All sensory systems face the fundamental challenge of encoding weak signals in noisy backgrounds. Although discrimination abilities can improve with practice, these benefits rarely generalize to untrained stimulus dimensions. Inspired by recent findings that action video game training can impart a broader spectrum of benefits than traditional perceptual learning paradigms, we trained adult humans and mice in an immersive audio game that challenged them to forage for hidden auditory targets in a 2D soundscape. Both species learned to modulate their angular search vectors and target approach velocities based on real-time changes in the level of a weak tone embedded in broadband noise. In humans, mastery of this tone in noise task generalized to an improved ability to comprehend spoken sentences in speech babble noise. Neural plasticity in the auditory cortex of trained mice supported improved decoding of low-intensity sounds at the training frequency and an enhanced resistance to interference from background masking noise. These findings highlight the potential to improve the neural and perceptual salience of degraded sensory stimuli through immersive computerized games.
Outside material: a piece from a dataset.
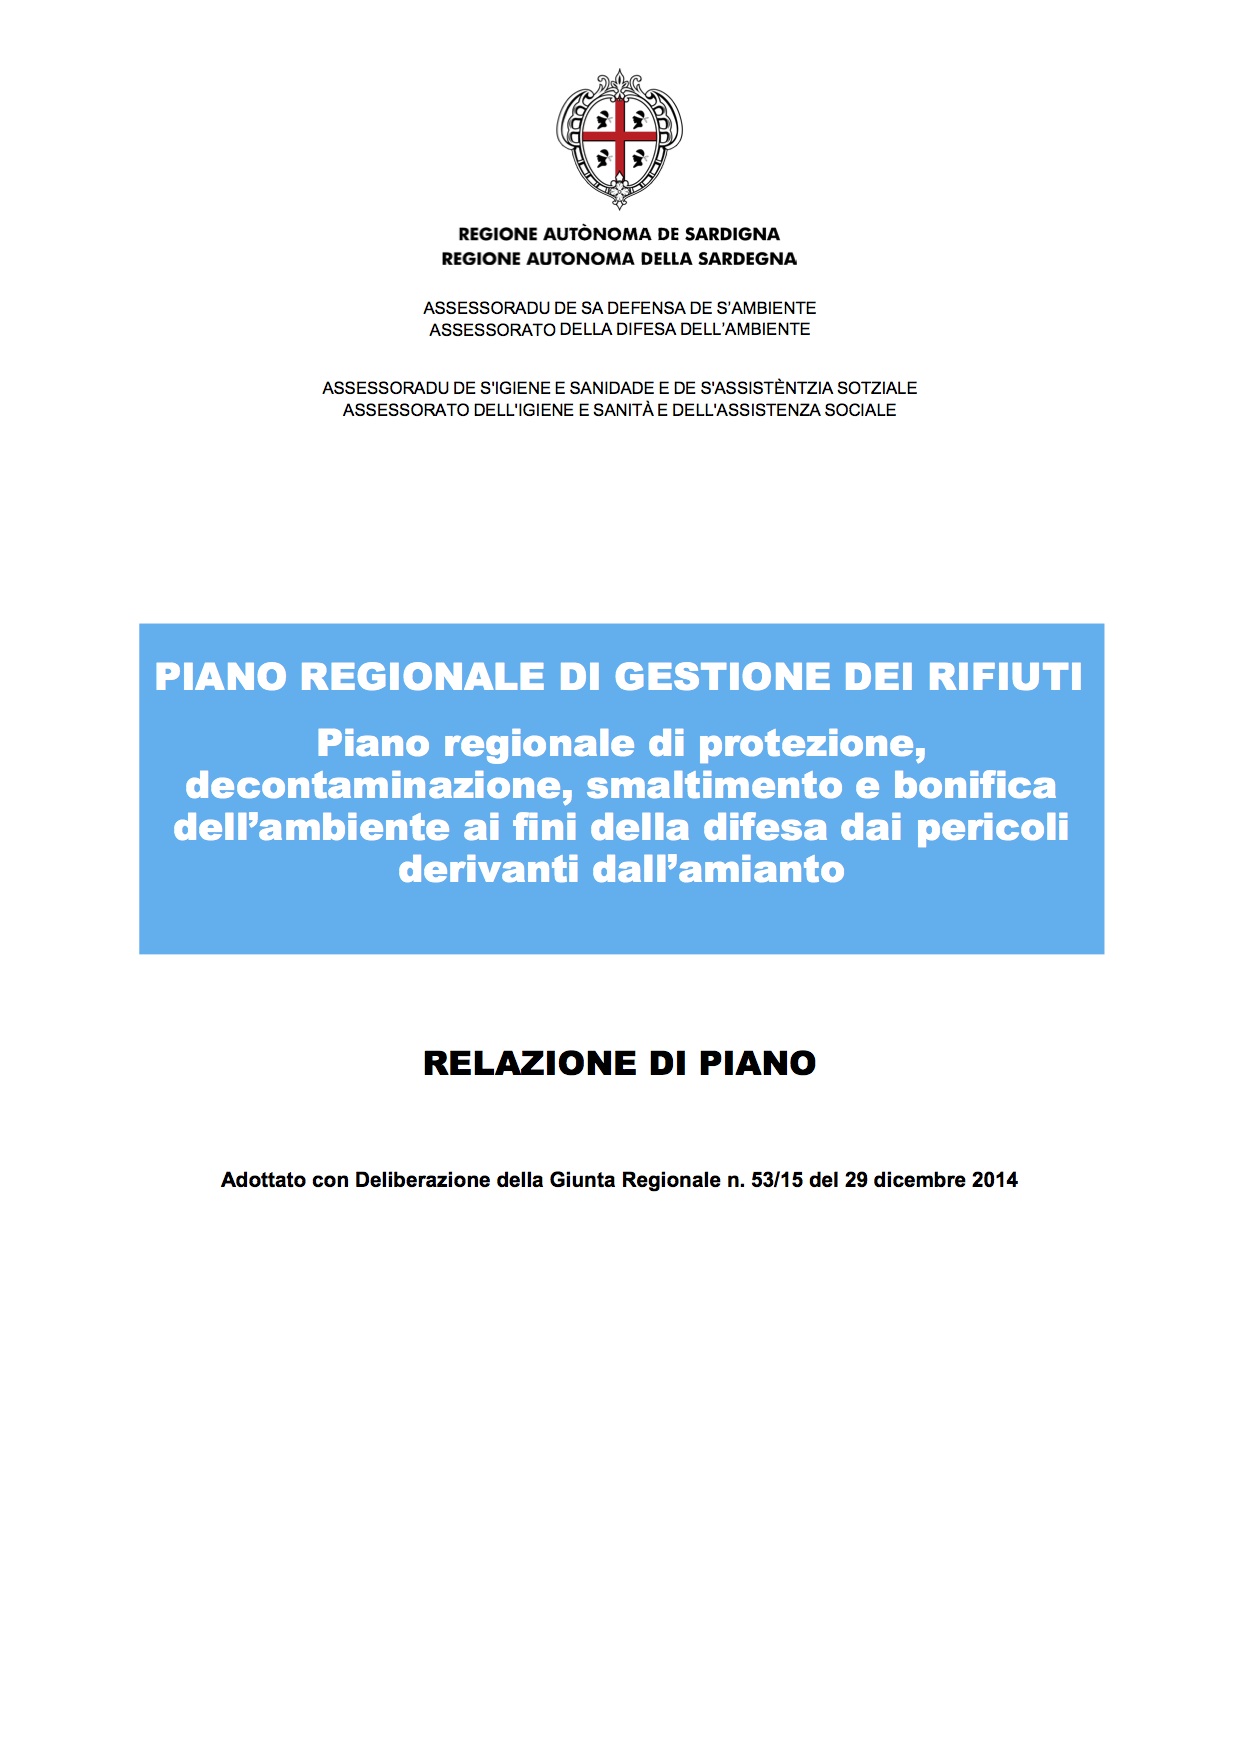 Piano regionale di gestione dei rifiuti in Sardegna adottato con deliberazione della Giunta Regionale n.53/15 del 29 dicembre 2014: si allega la relazione sul piano.

Keywords: cortical; foraging; gradient search; hearing; noise suppression.

Fig. 1.

Humans and mice learn to use dynamic auditory cues to locate hidden targets. (A, Upper) Humans played an audio game wherein the movements of an avatar were controlled with a game pad, while (Lower) mice trained in a physical behavioral arena. The heat map corresponds to SNR. (B) A representative trial for a human and a mouse illustrates casting and zigzagging behaviors along the sound gradient. The filled and open circles indicate the center and perimeter of the target (red) and “dummy” (gray) zones. The green dots indicate position at the start of the trial. (Scale bar: 10 and ∼3.5 cm for the mouse and human arena, respectively.) Time spent in “dummy” targets provides the basis for calculating target identification by chance alone. (C) Percentage of trials in which humans (Left) and mice (Right) located the target within the time constraints across the training period. (D) Time and (E) length of path required to complete trial as a function of training time. Path length taken to reach the target was normalized by the diagonal distance of the training arena. (F) Likewise, running speed is reported as normalized distance per second and plotted as a function of training time. The line plots reflect mean ± SEM. Significant learning effects are indicated with an asterisk in the upper right-hand corner of the plot.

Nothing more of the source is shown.